━━━━━ DATA BLOCK ━━━━━

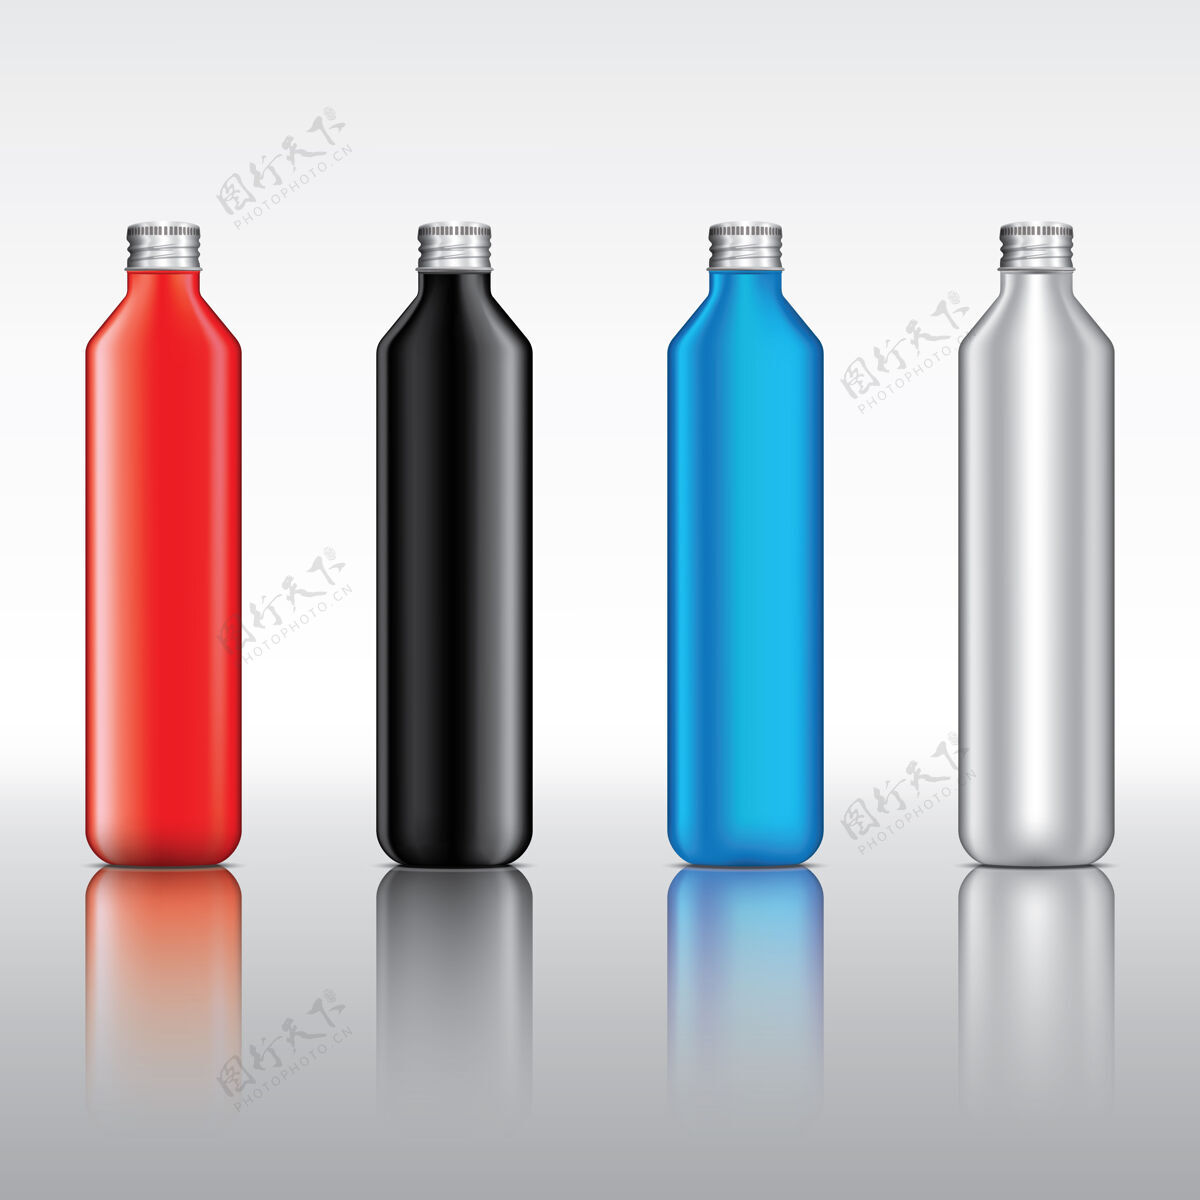 清晰浅色背景上的透明玻璃瓶和金属瓶盖食品包装化妆品
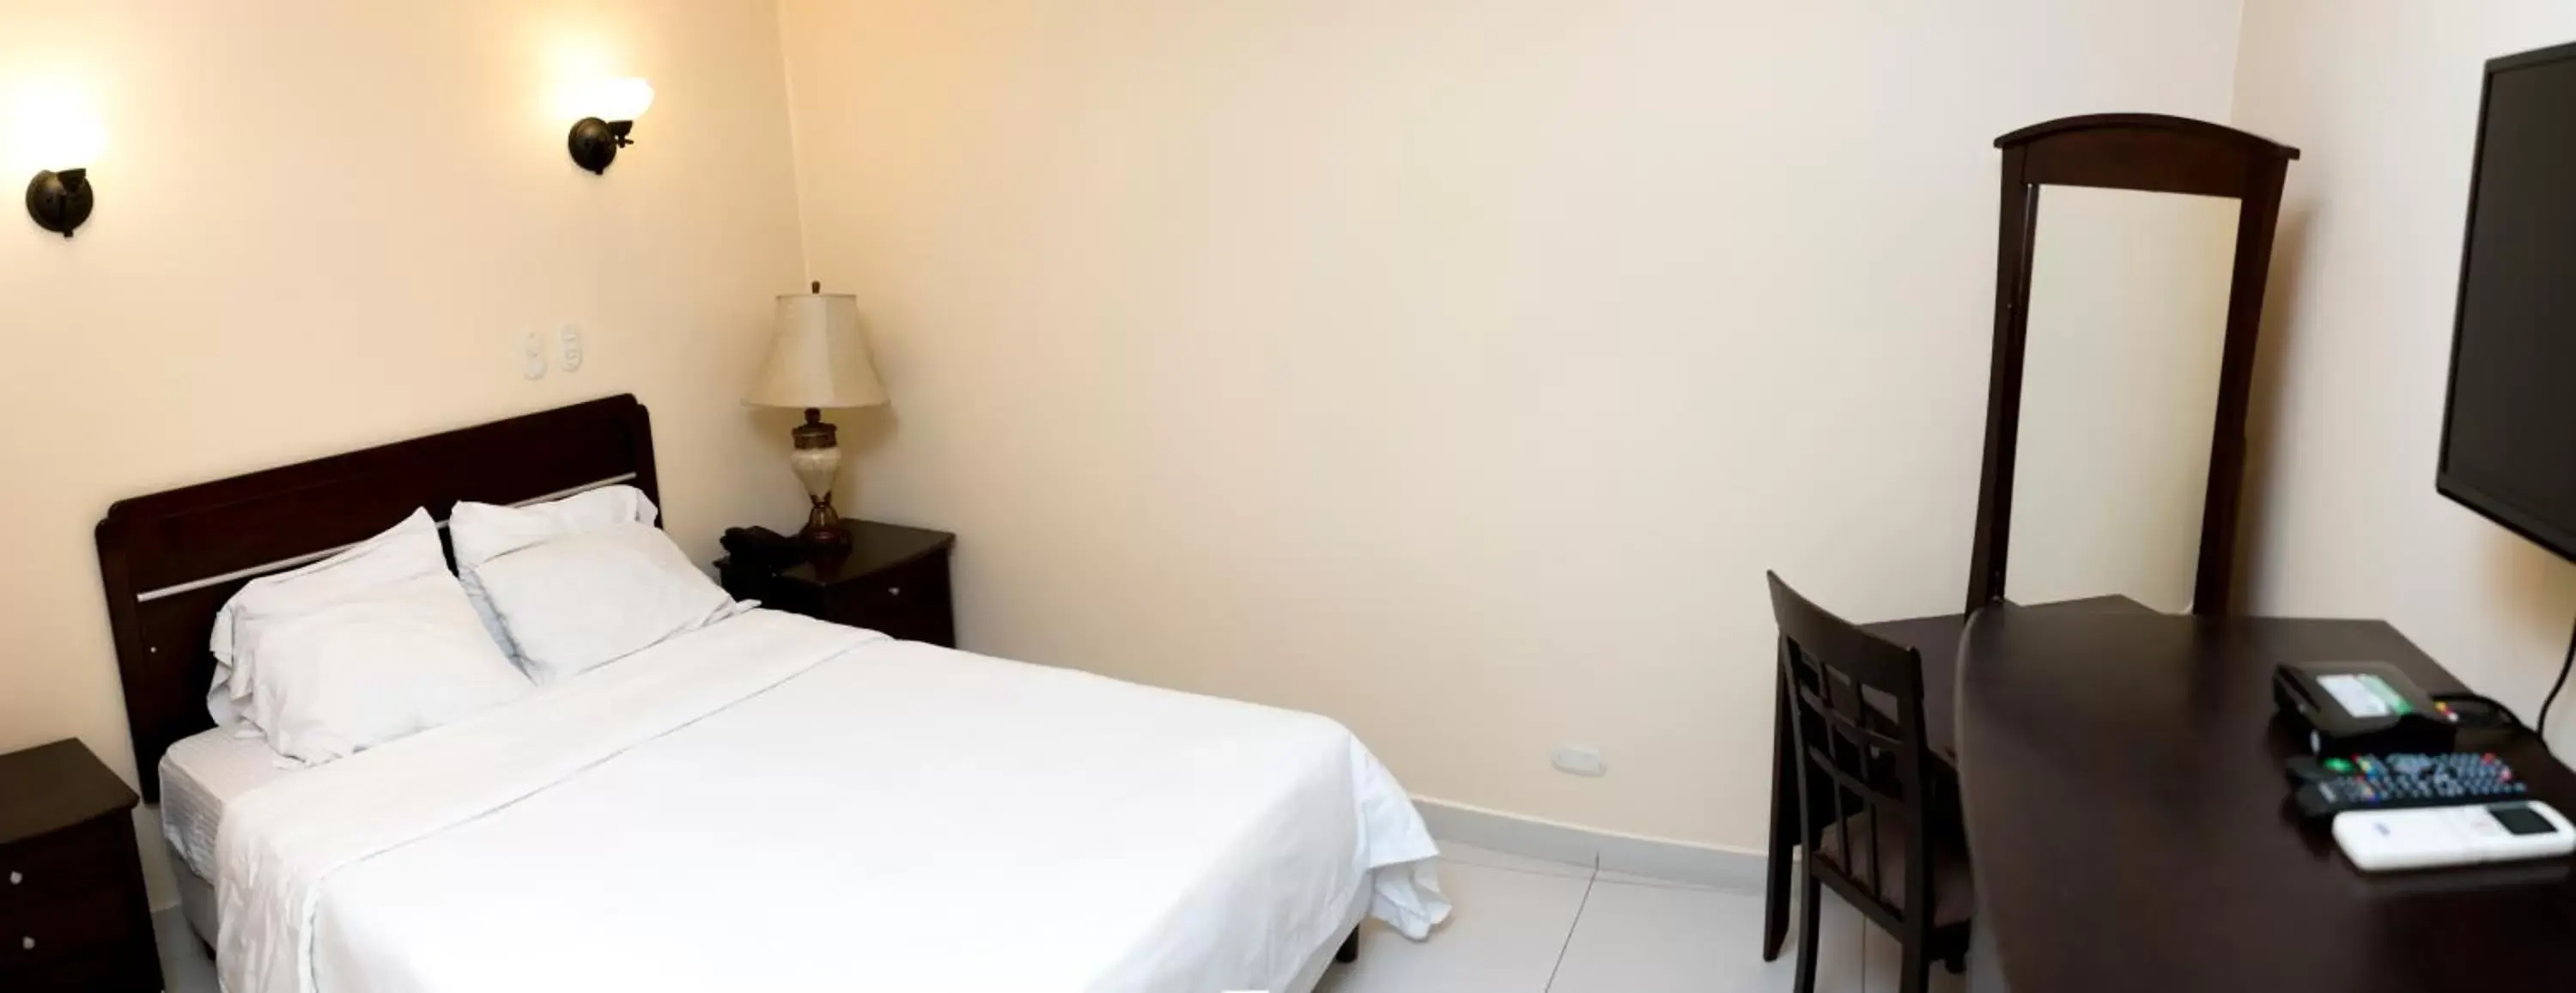 Bedroom, Room Photo in Hotel Novo
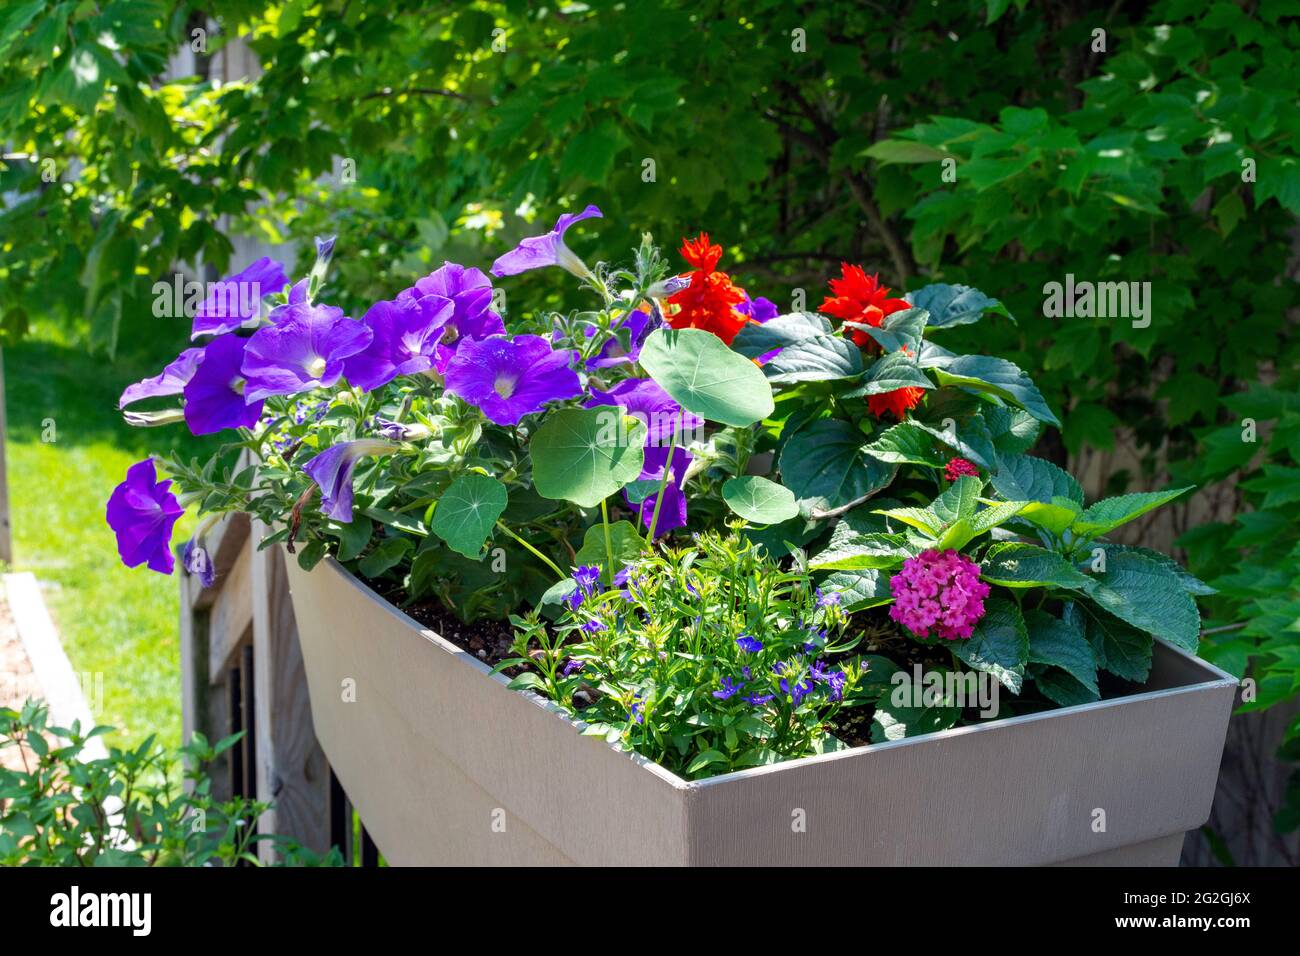 Este jardín contiene coloridas barandas llenas de saliva, nasturtium, lantana y flores de petunia para atraer a los colibríes. Foto de stock

━━━━━

- _PROBLEM DESCRIPTION_: Take the material above and set it down exactly, minus the images.

- _SOLUTION FOR THIS EXERCISE_:
 清晰浅色背景上的透明玻璃瓶和金属瓶盖食品包装化妆品
 Bedroom, Room Photo in Hotel Novo
 Este jardín contiene coloridas barandas llenas de saliva, nasturtium, lantana y flores de petunia para atraer a los colibríes. Foto de stock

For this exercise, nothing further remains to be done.